Letter from Rosalind Franklin to Robley Williams pdf (89,652 Bytes) transcript of pdf
Letter from Rosalind Franklin to Robley Williams
Robley Williams was one of many virus researchers that Franklin visited during her 1954 trip to the United States. He had written to her about her recent article on the probable structural configuration of TMV, as revealed by x-ray diffraction studies, and mused about the differences between her data and those found by he and his colleagues via different methods; they continued to brainstorm about this in a series of letters. In this letter, she asked Williams to review a new manuscript, to be sure that she had interpreted his work and that of Gerhard Schramm correctly.
Number of Image Pages:
2 (89,652 Bytes)
1955-11-09 (November 9, 1955)
Franklin, Rosalind
Williams, Robley
University of California, Berkeley
Original Repository: Churchill Archives Centre. The Papers of Rosalind Franklin
Reproduced from the Franklin Collection at the Churchill Archives Centre with the permission of the copyright holder.

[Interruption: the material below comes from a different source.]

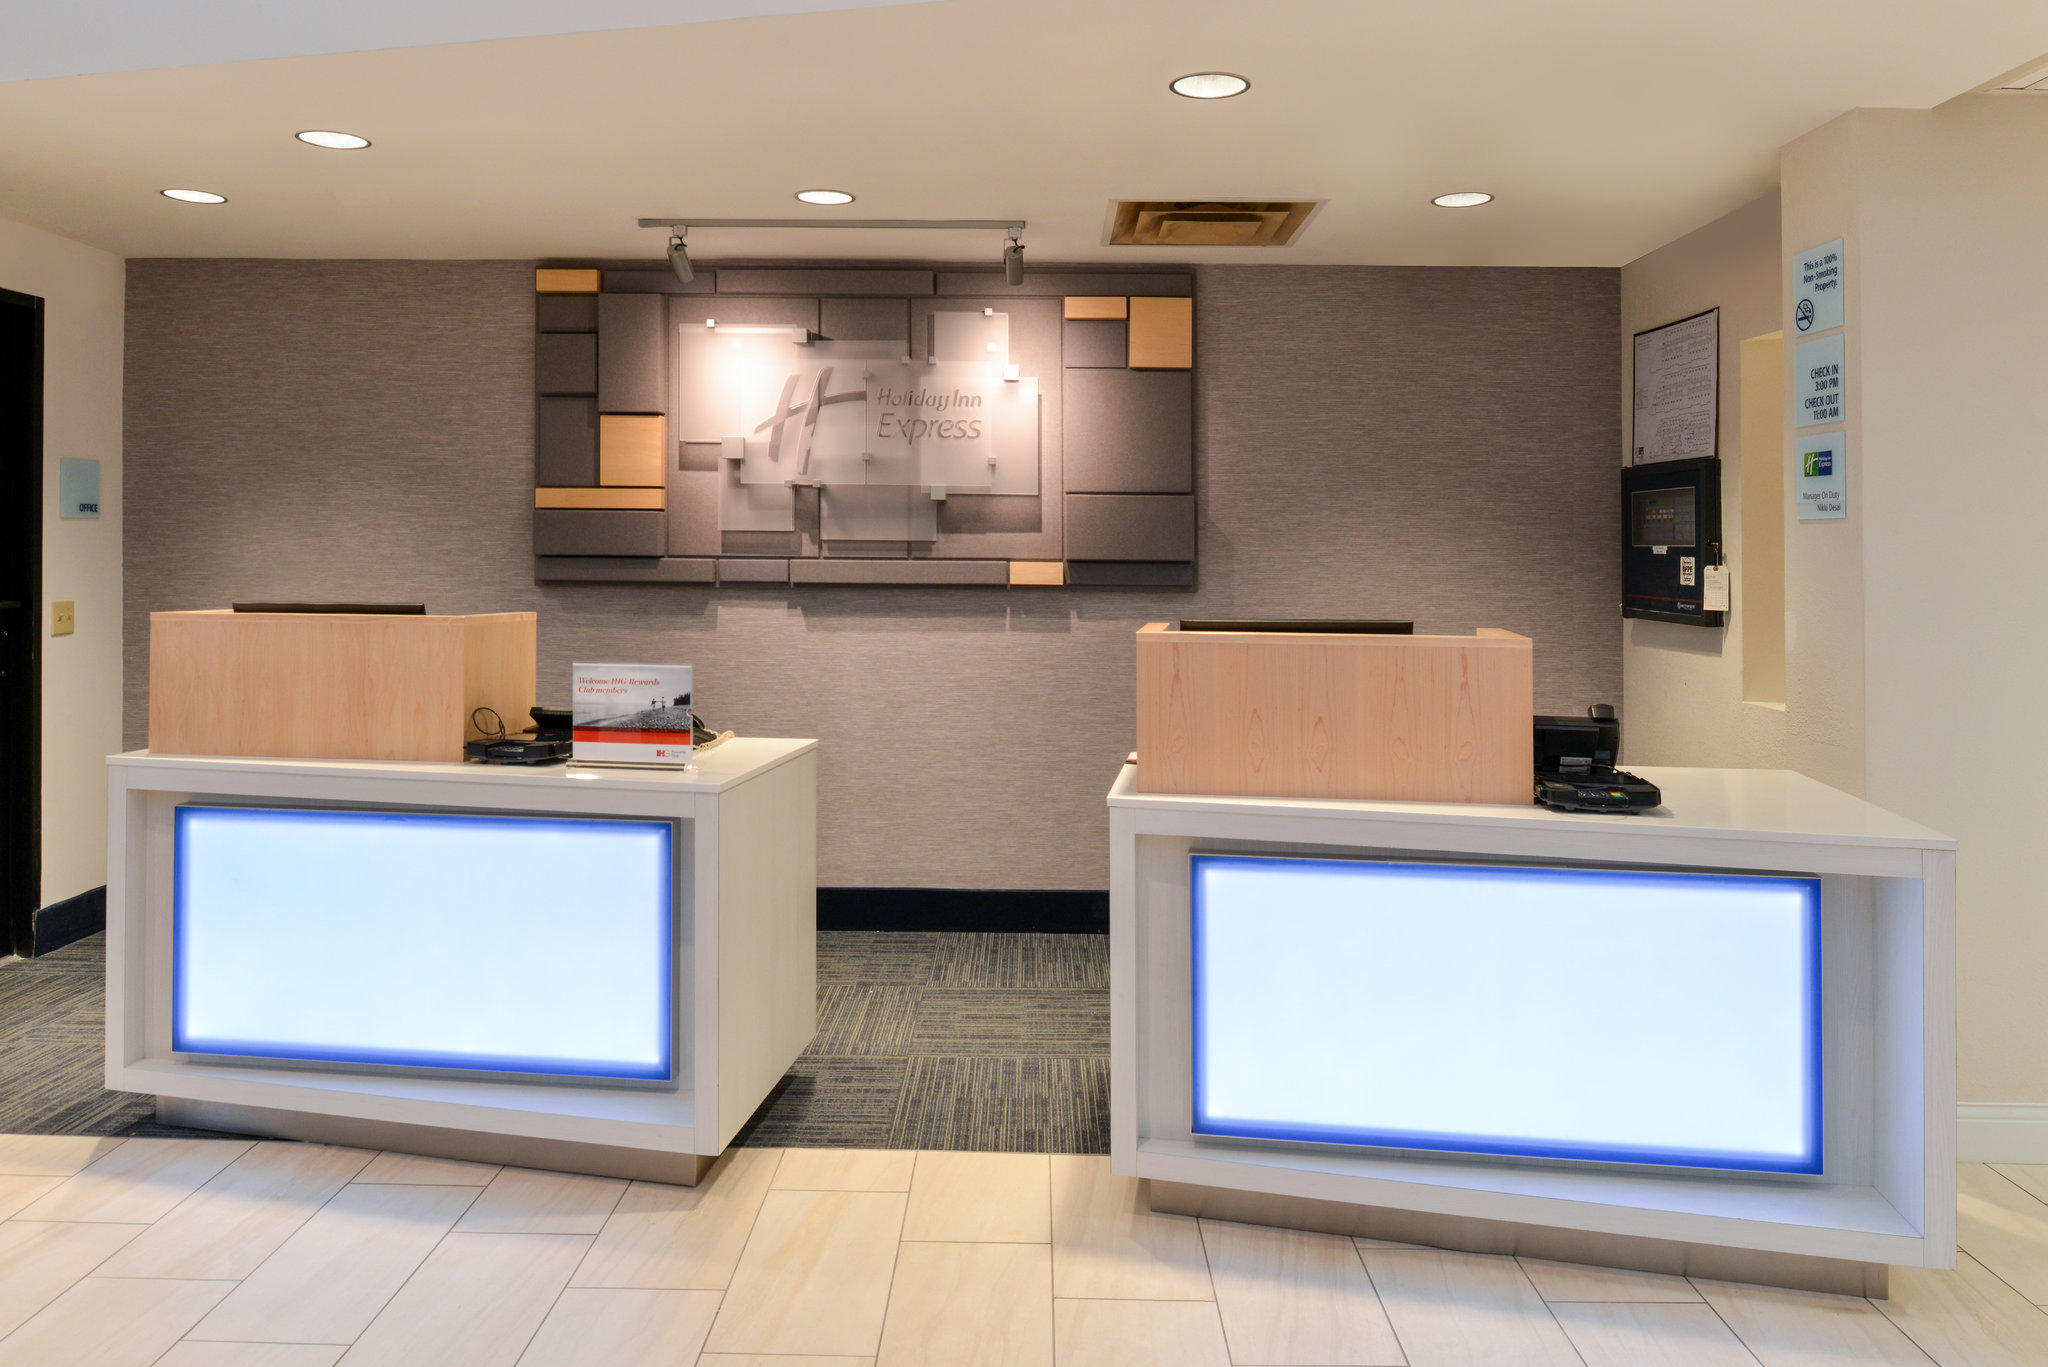 Holiday Inn Express & Suites Raleigh NE - Medical Ctr Area, an IHG Hotel Raleigh (919)256-2800

Medical Subject Headings (MeSH):
Tobacco Mosaic Virus
X-Ray Diffraction
Exhibit Category:
Envisioning Viruses: Birkbeck College, London, 1953-1958
Folder Number:
Unique Identifier:
Document Type:
Letters (correspondence)
Series: Work on Tobacco Mosaic Virus (TMV)
Folder: Correspondence Relating to Franklin's First Visit to Berkeley, California, Mar. 1952 - Mar. 1958
7th November, 1955.
Dear Robley,
Many thanks for your letter. As you probably know, I have now received a splendid collection of heavy atom TMV derivatives from Dr. Fraenkel-Conrat, though not yet the reconstituted virus.
We should be very grateful for criticism and comments on the enclosed manuscript, from you and anybody else interested. As you will see, it is written rather over-fully in places, because we wanted first to make sure both from you and from Schramm that we have not misunderstood or unduly distorted the experimental work on which it is based.
When I looked through Schramm's collection of electron micrographs I was very impressed by the consistent appearance of 70 A striations on A-protein rods but not on TMV. Have you observed this at all? Or do you believe that this, too, is due to impurity, as you state for TMV (in "Advance" Vol. 2). Another thing which has surprised us is Roger Hart's statement that the short fragments of TMV obtained by ionization do not show a central hole. In Fig. 9 a and b of your 1952 paper the fragments have dark centres. Are these not due to holes?
The central question is, of course, whether the two fragments represented by A-protein monomer and the doughnuts (should we use this word, or remove it before publication?) are sufficiently uniform in size to justify our speculating about their origin. Schramm is clearly convinced that they are, and I find his papers fairly convincing, but I should be interested to know what you think about this.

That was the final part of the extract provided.